• MATERIAL PROVIDED:
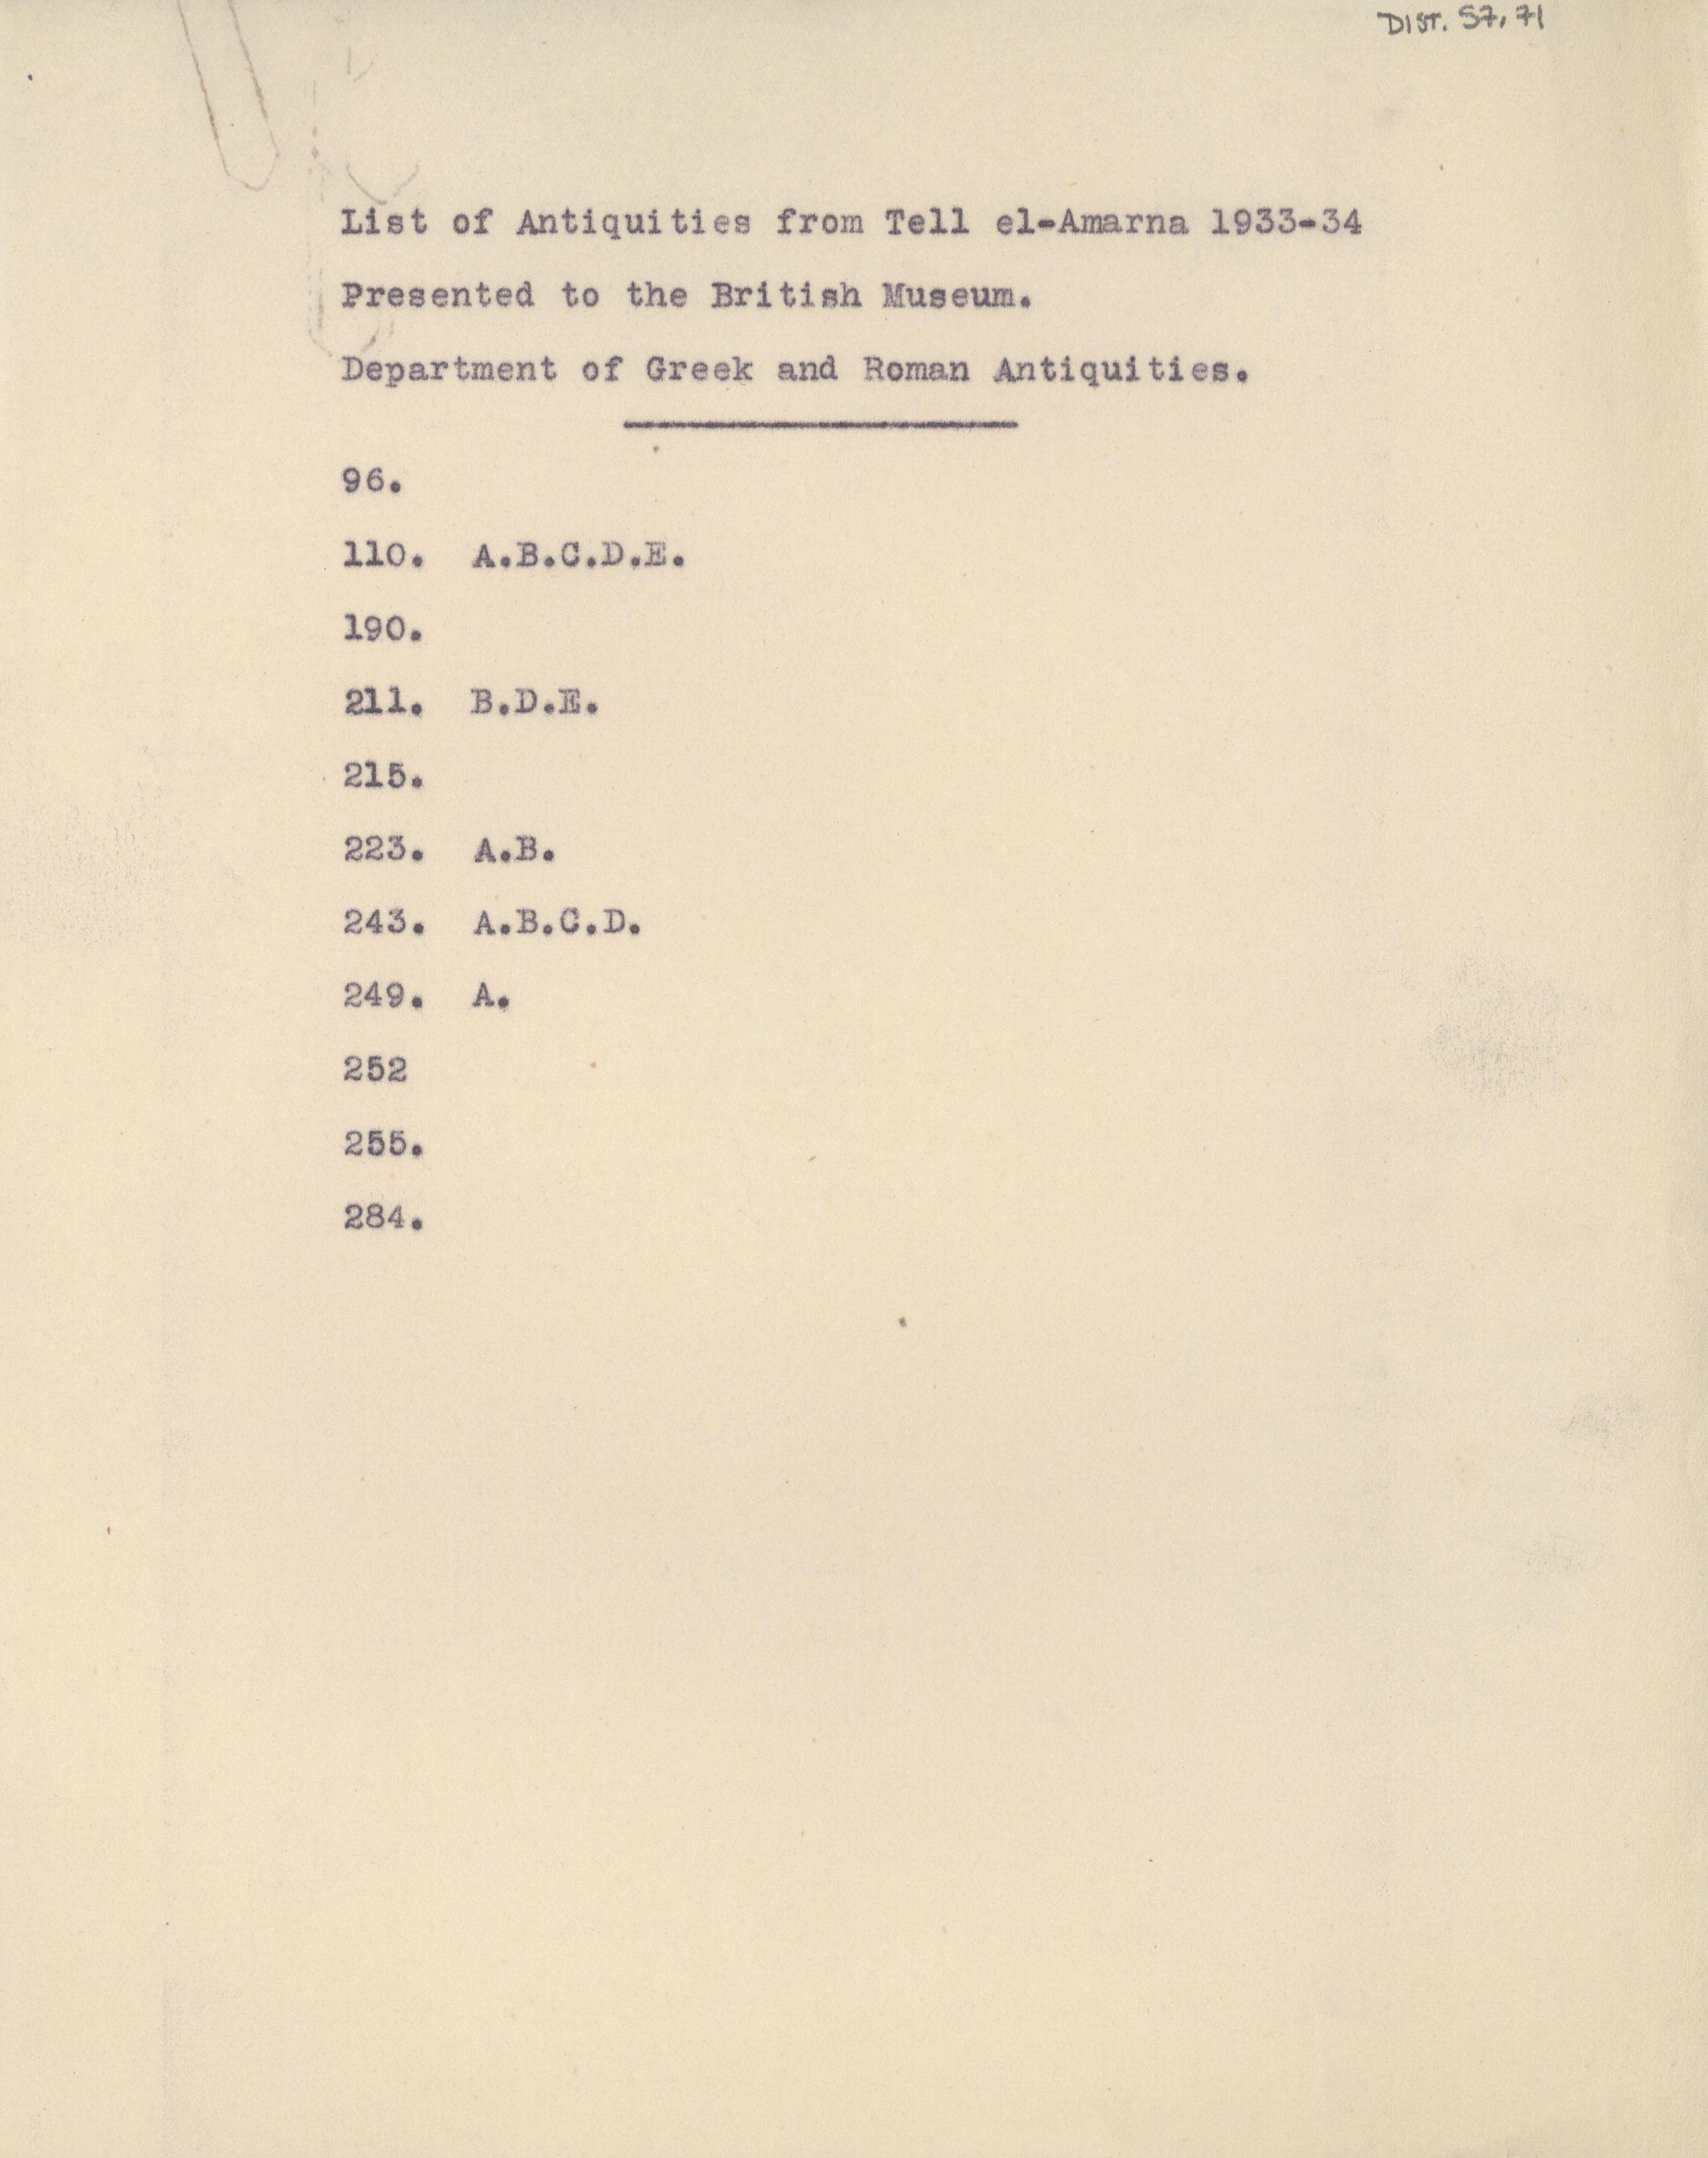 1931-34 el-Amarna DIST.57.71
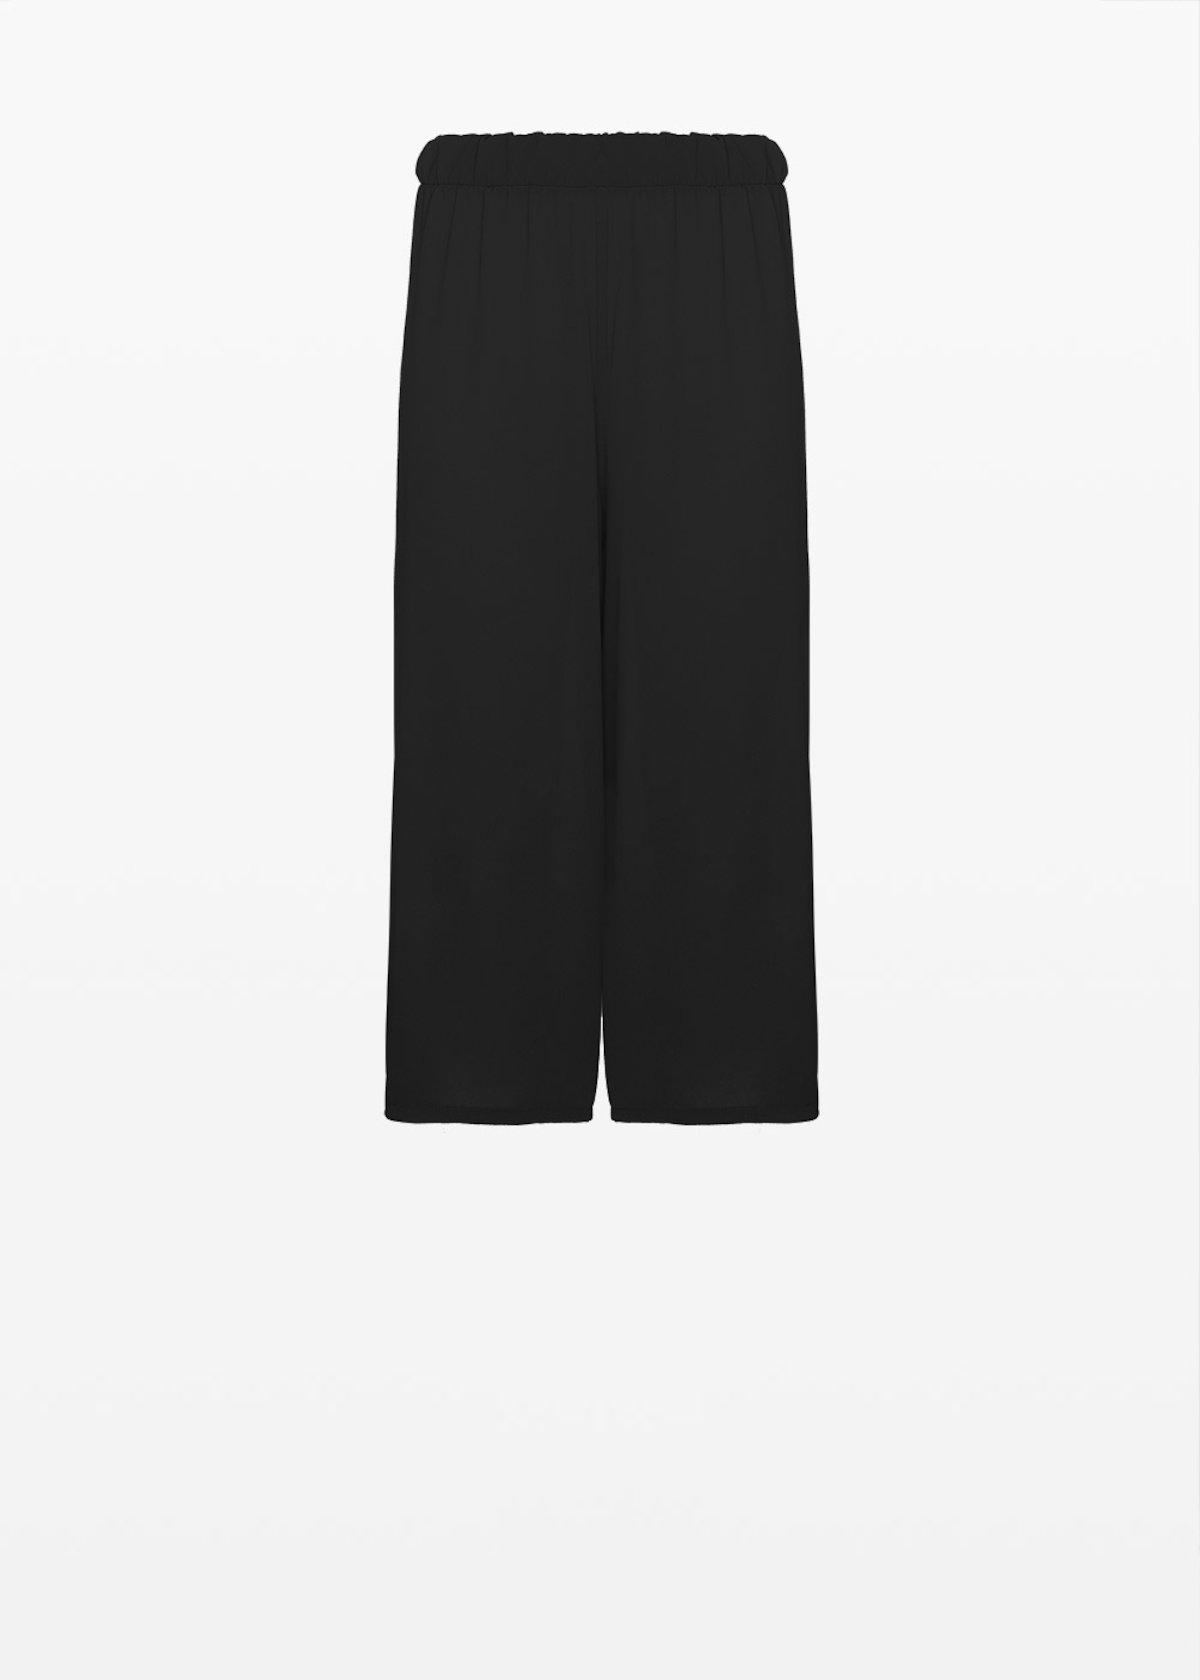 Hammered crepe Peleo trousers with elastic waist - Black - Woman
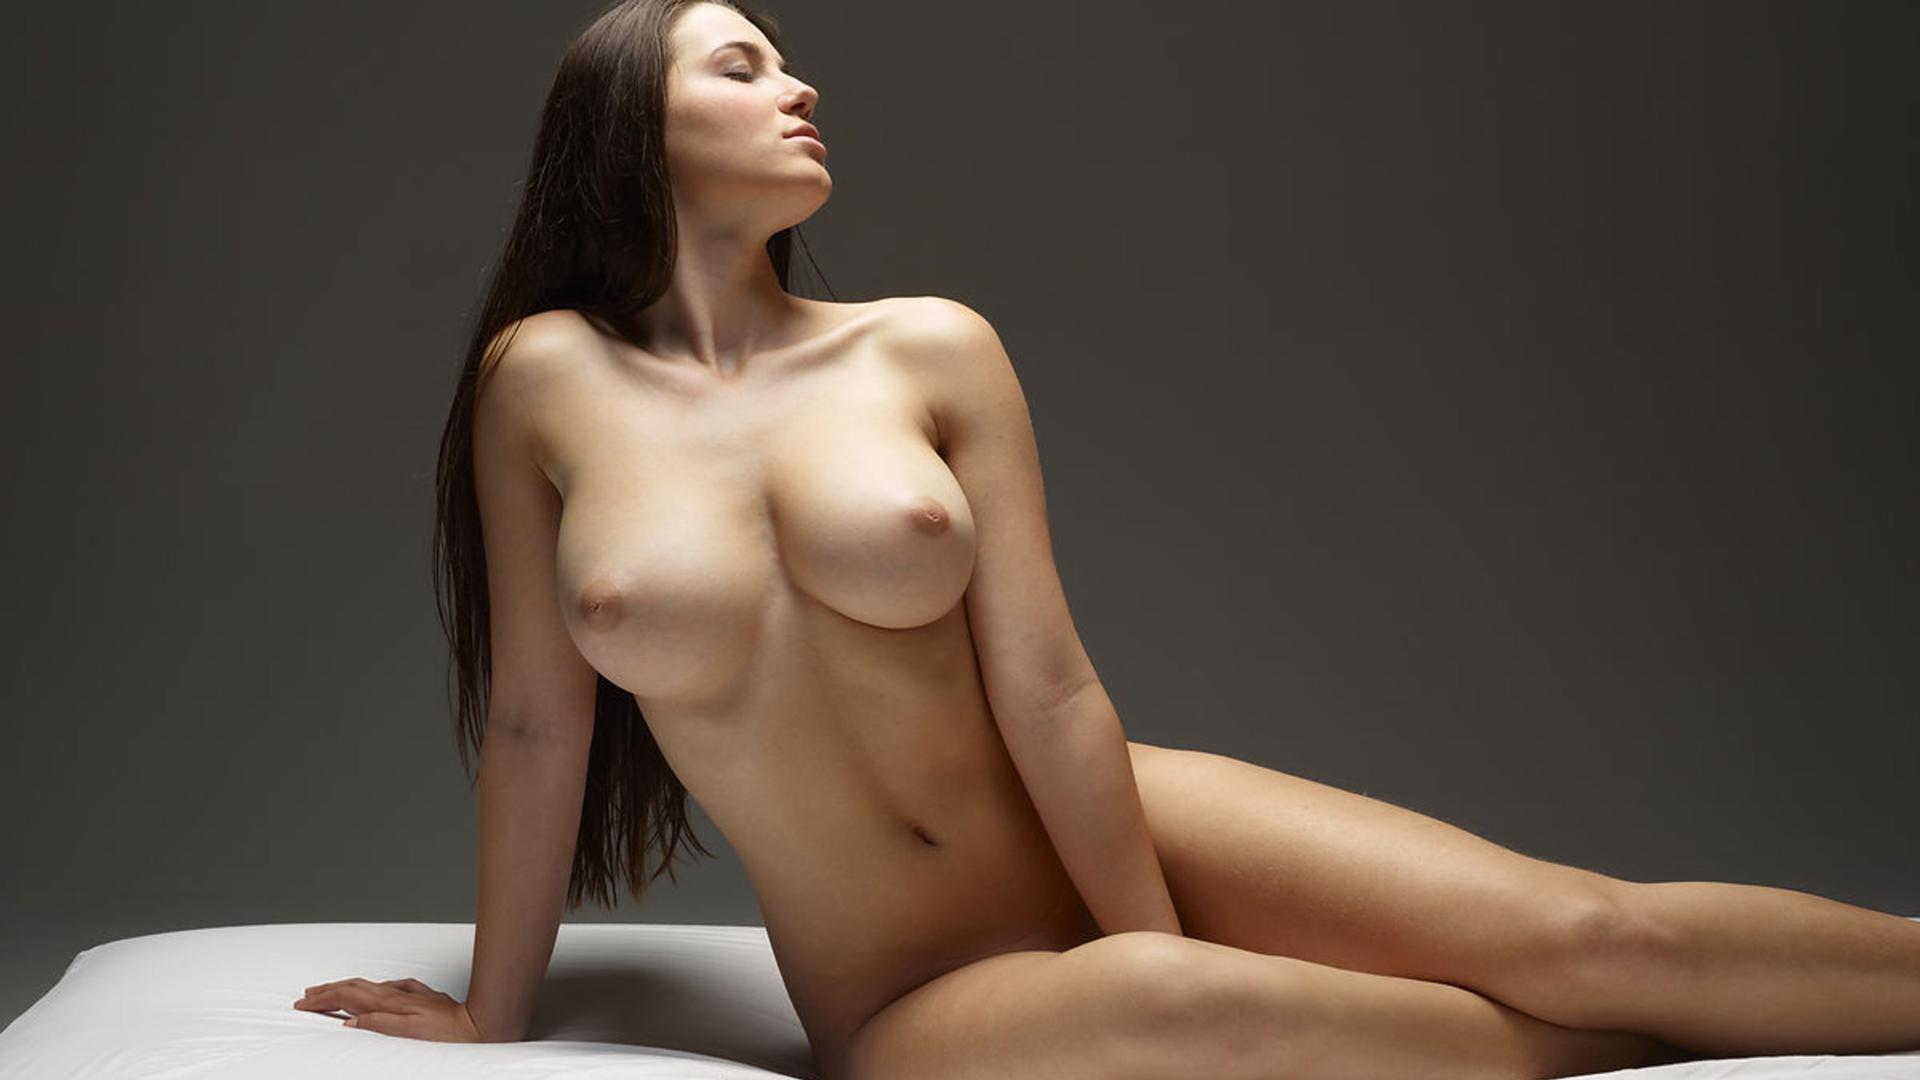 Video of big tits

• PROBLEM STATEMENT:
Every line above is to be duplicated exactly; no picture should be carried over.

• EXPECTED OUTPUT:
 1931-34 el-Amarna DIST.57.71
 Hammered crepe Peleo trousers with elastic waist - Black - Woman
 Video of big tits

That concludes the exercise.